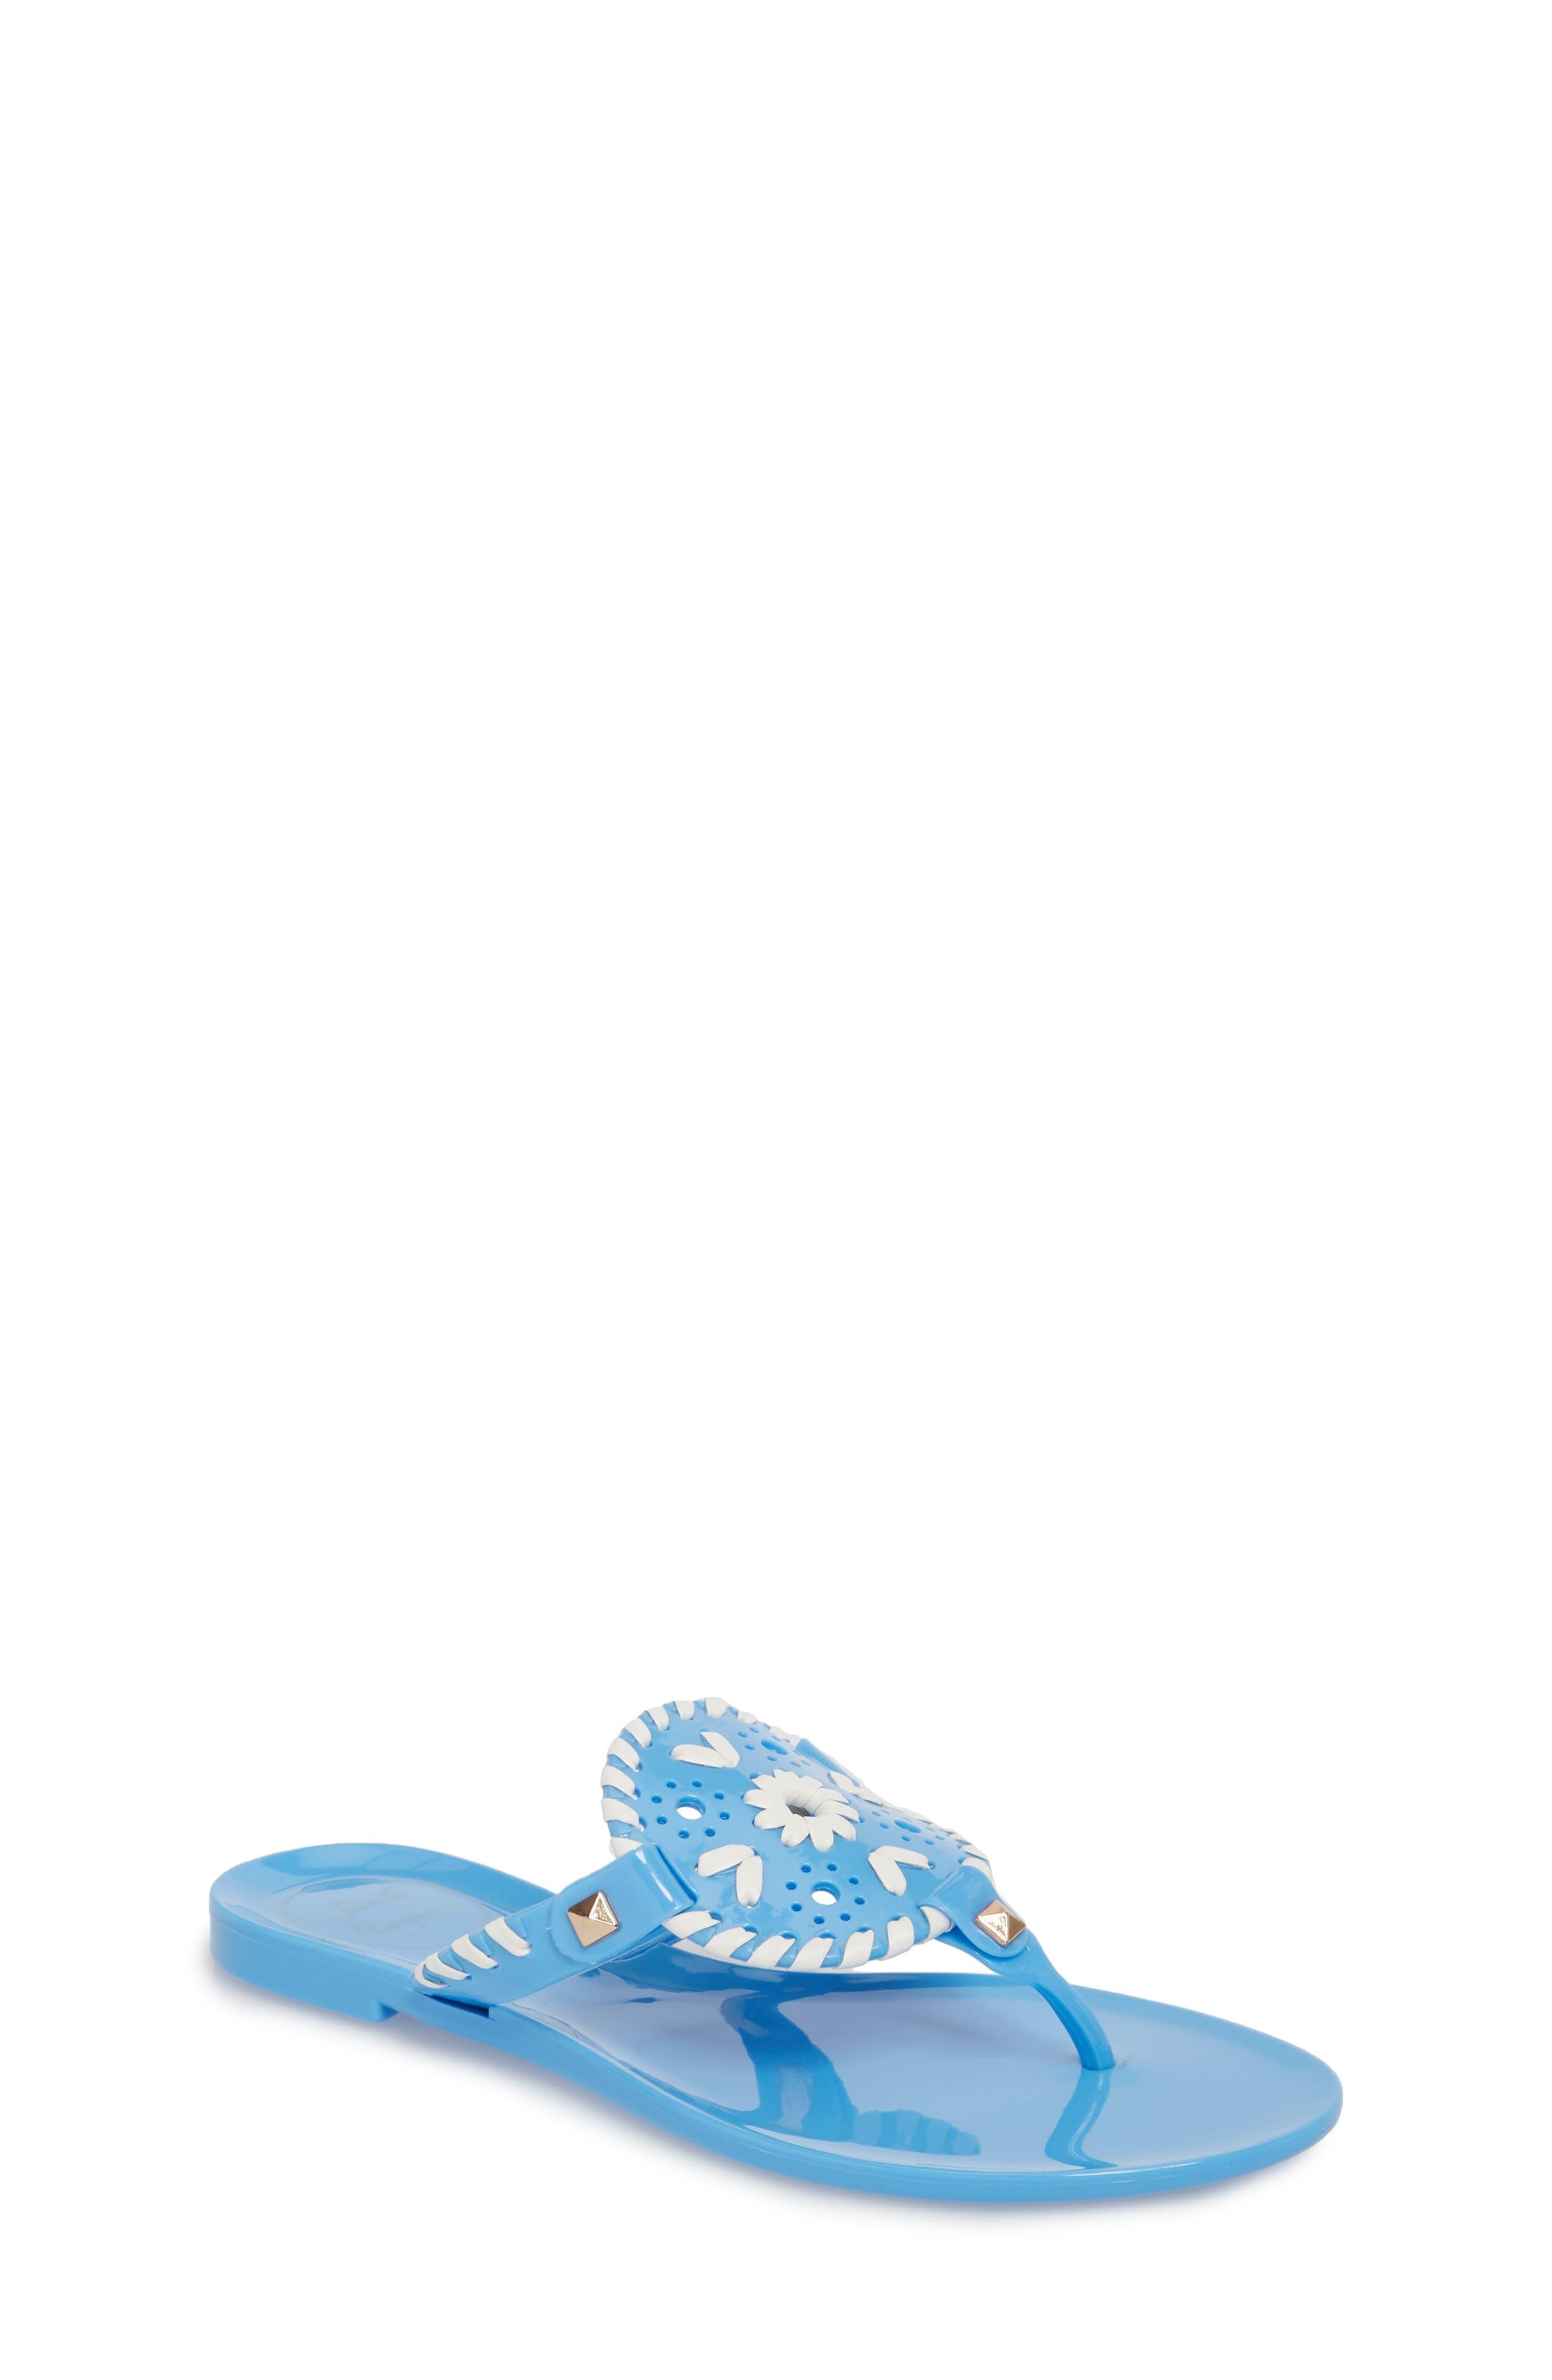 Alternate Image 1 Selected - Jack Rogers 'Miss Georgica' Jelly Flip Flop (Walker, Toddler, Little Kid & Big Kid)
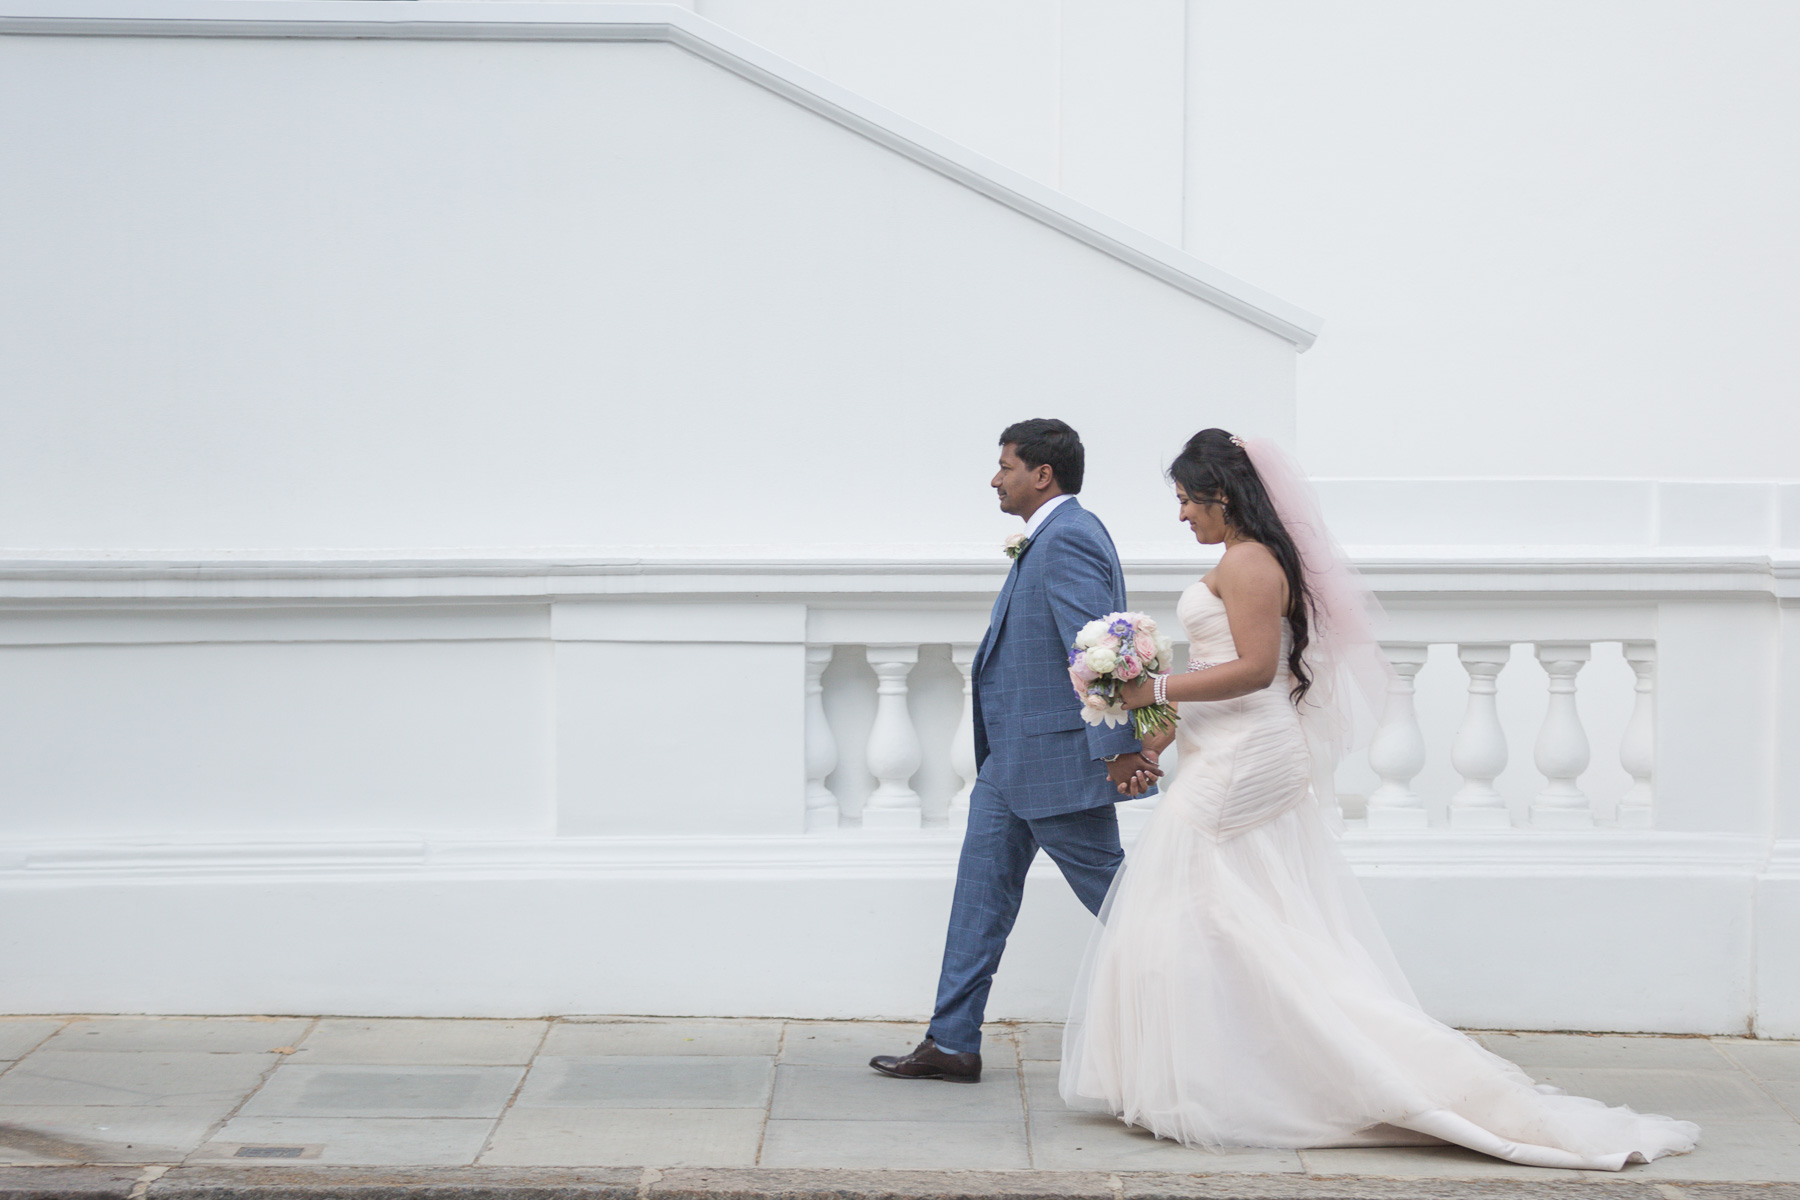 female-asian-wedding-photographer-london-0500-2.jpg
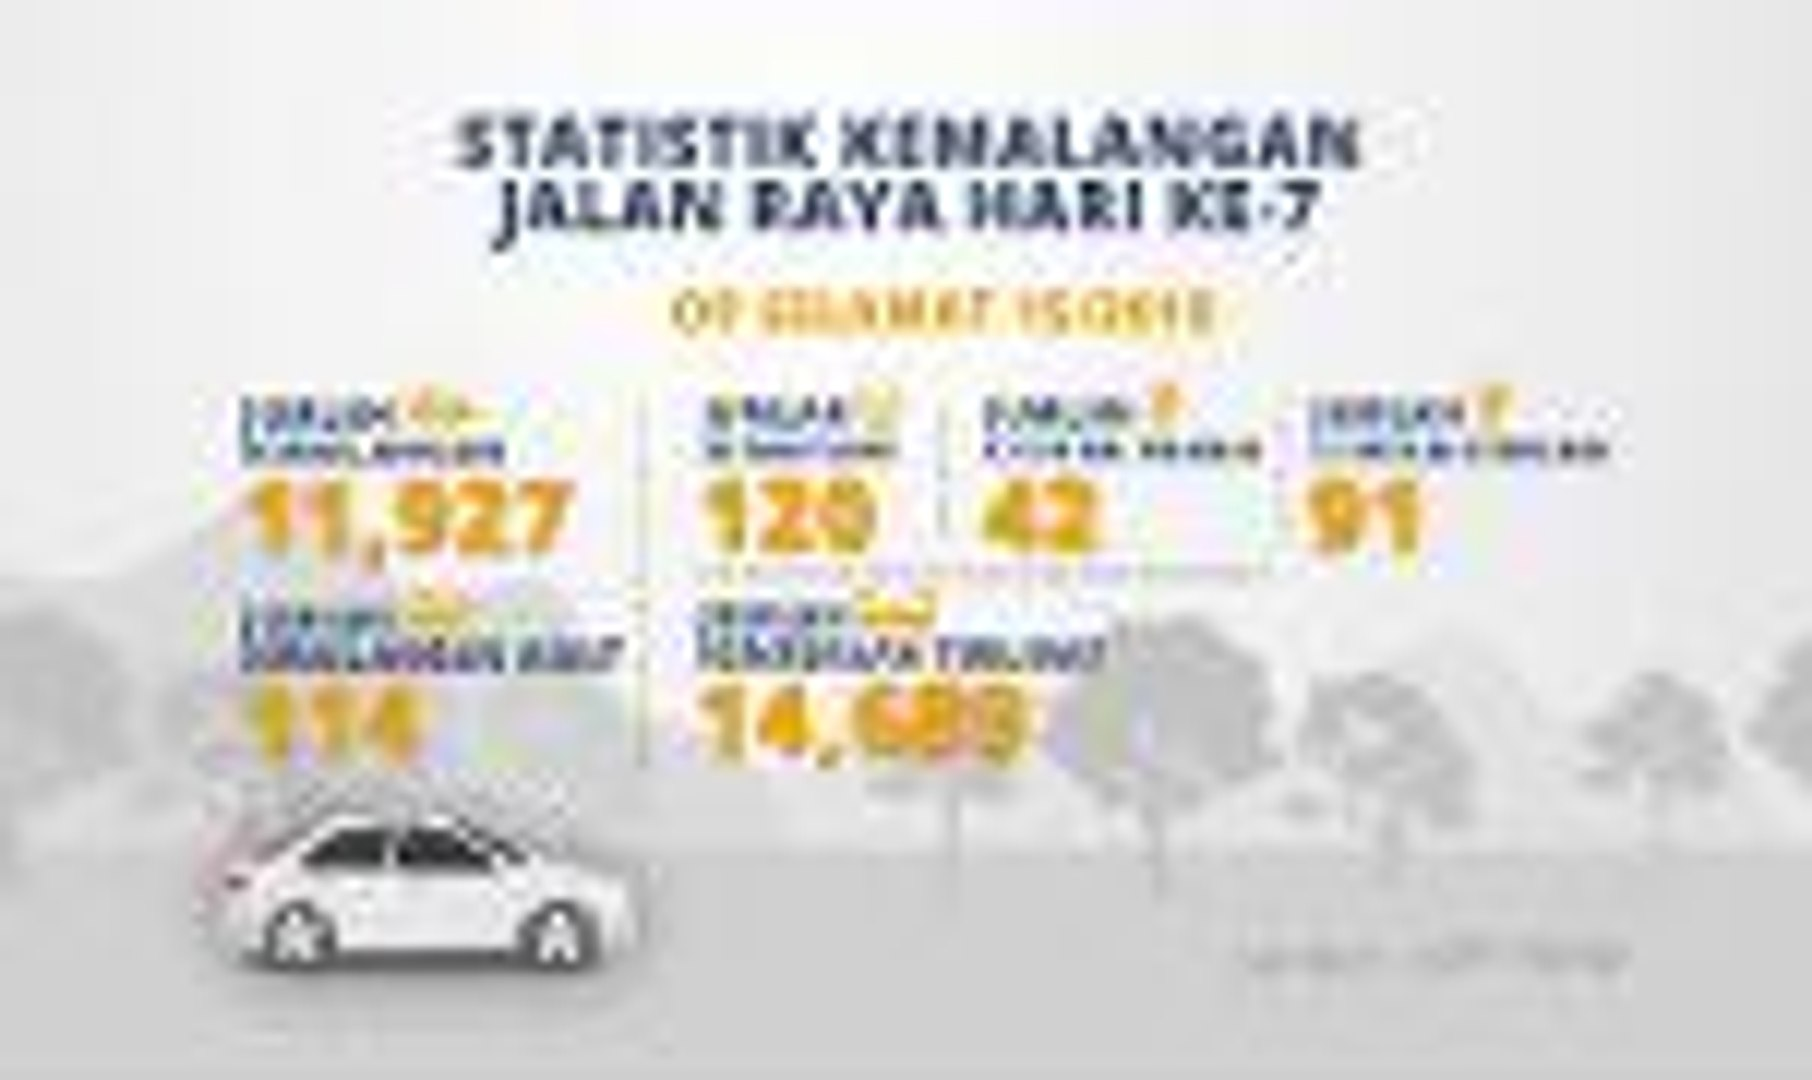 Infografik Statistik Kemalangan Jalan Raya Hari Ke 7 Video Dailymotion
--- --- ---
# The task
Give again exactly the lines from the one that contains "female-asian-wedding-photographer-london-0500-2.jpg" through the end of the material, both ends included, omitting the pictures.

# Your response
 female-asian-wedding-photographer-london-0500-2.jpg
 Infografik Statistik Kemalangan Jalan Raya Hari Ke 7 Video Dailymotion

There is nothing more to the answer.